1. Library Installation and Imports
First, install and import the necessary libraries:

In [None]:
# Install required libraries
!pip install googletrans==4.0.0-rc1 navertrans nltk

import pandas as pd
from googletrans import Translator
from navertrans import navertrans
import nltk
from nltk.tokenize import sent_tokenize

# Download the Punkt tokenizer for sentence splitting
nltk.download('punkt')


2. Translation Function
This function translates text based on the detected language:

If the language is Chinese (Traditional or Simplified), it uses Naver's translator to translate from Chinese to English.
If the language is Japanese, it translates from Japanese to English using Naver.
For any other language, it first detects the language with Google Translate and then uses Naver to translate to English.

In [None]:
def translate_text(text, source_lang=None):
    # Initialize Google Translate for language detection
    translator = Translator(service_urls=['translate.google.com', 'translate.google.co.kr'])
    
    # Detect language if not provided
    detected_lang = translator.detect(text).lang if not source_lang else source_lang
    
    # Translate based on detected language
    if detected_lang == 'zh-cn' or detected_lang == 'zh-tw':
        # Translate Chinese to English
        return navertrans.translate(text, src_lan="zh-CN", tar_lan="en")
    elif detected_lang == 'ja':
        # Translate Japanese to English
        return navertrans.translate(text, src_lan="ja", tar_lan="en")
    else:
        # For other languages, use detected language with Naver to translate to English
        return navertrans.translate(text, src_lan=detected_lang, tar_lan="en")


3. Spell-Check Function
For spell-checking English text, the TextBlob library is used:

In [None]:
from textblob import TextBlob

def spell_check(text):
    # Perform spell-check on English text
    corrected_text = str(TextBlob(text).correct())
    return corrected_text


4. Sentence Splitting Function
This function splits text into individual sentences and stores them in a new DataFrame. It takes the original DataFrame (sentence_df) and the column containing the text to be split (target_column).

In [None]:
def split_sentence(sentence_df, target_column):
    # DataFrame to store split sentences
    splited_sentence_df = pd.DataFrame()
    
    for row_idx, row in sentence_df.iterrows():
        review = row[target_column]
        # Skip rows if text is NaN or not a string
        if pd.isna(review) or not isinstance(review, str):
            continue
            
        # Split text into sentences
        sentences = sent_tokenize(review)
        for sent in sentences:
            # Copy original row and add split sentence
            row_copy = pd.DataFrame(row.copy()).T
            row_copy['Separated' + target_column] = sent
            splited_sentence_df = pd.concat([splited_sentence_df, row_copy], ignore_index=True)
    
    return splited_sentence_df


5. Complete Code Workflow Example
To integrate everything, here’s how to process a DataFrame using the functions defined above:

In [None]:
# Sample data and DataFrame
data = {
    'Review': ['This sentence is written in Korean.', 'これは日本語で書かれています。', '这是一段中文文本。']
}
df = pd.DataFrame(data)

# Apply translation and spell-check
df['Translated_Review'] = df['Review'].apply(translate_text)
df['SpellChecked_Review'] = df['Translated_Review'].apply(spell_check)

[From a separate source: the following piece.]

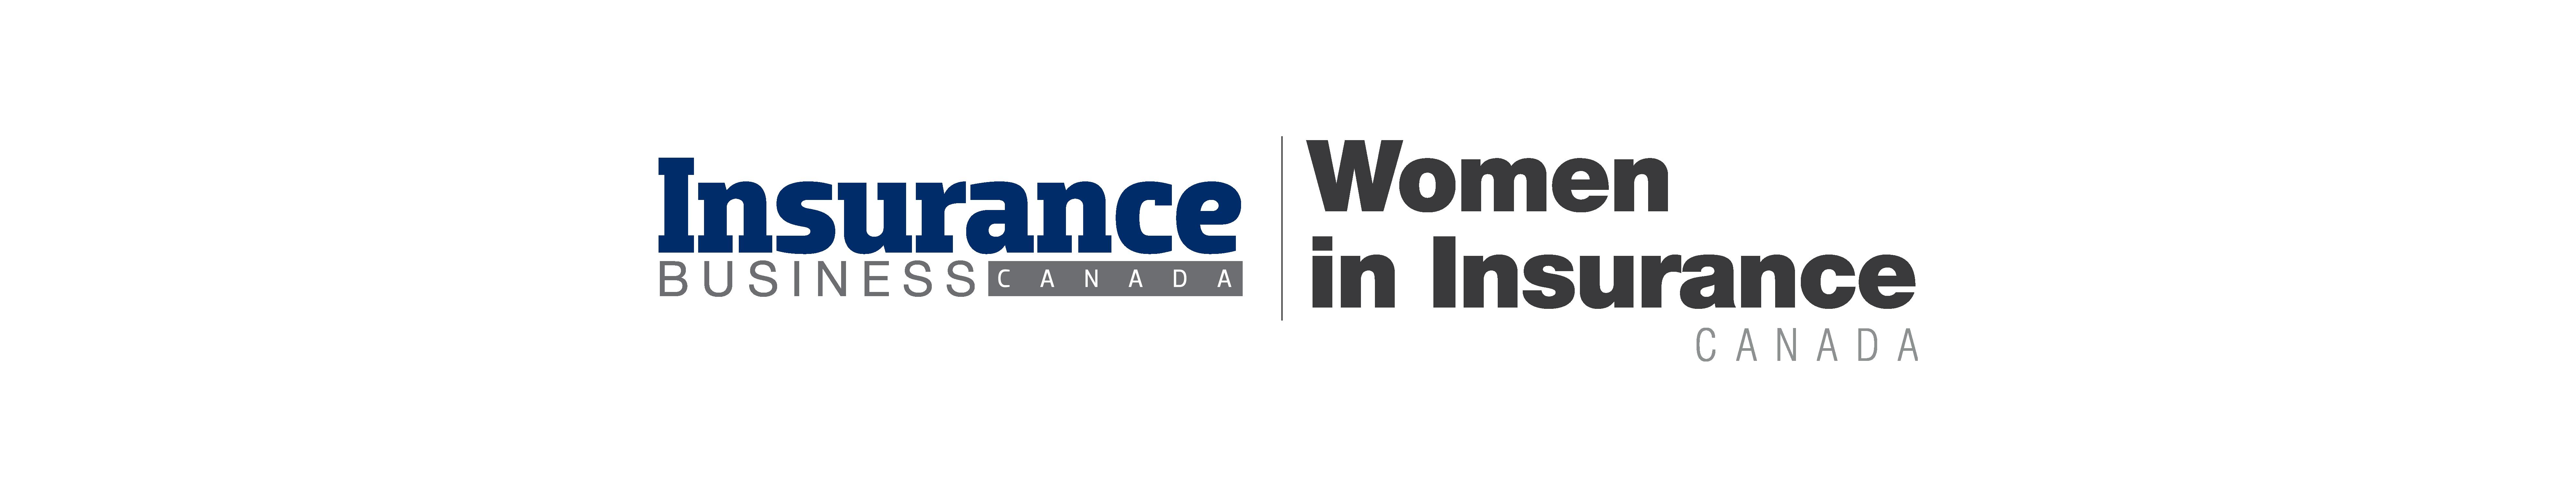 Women in Insurance Canada

# Apply sentence splitting
splitted_df = split_sentence(df, 'SpellChecked_Review')


Explanation of the Workflow:
Translation: translate_text translates the text in the Review column based on the detected language.
Spell-Check: spell_check corrects any English spelling errors in the translated text.
Sentence Splitting: split_sentence divides the spell-checked English text into individual sentences and stores them in splitted_df.
This structure allows for efficient, step-by-step processing of multilingual text data, making it easier to handle translations, corrections, and sentence-level analysis.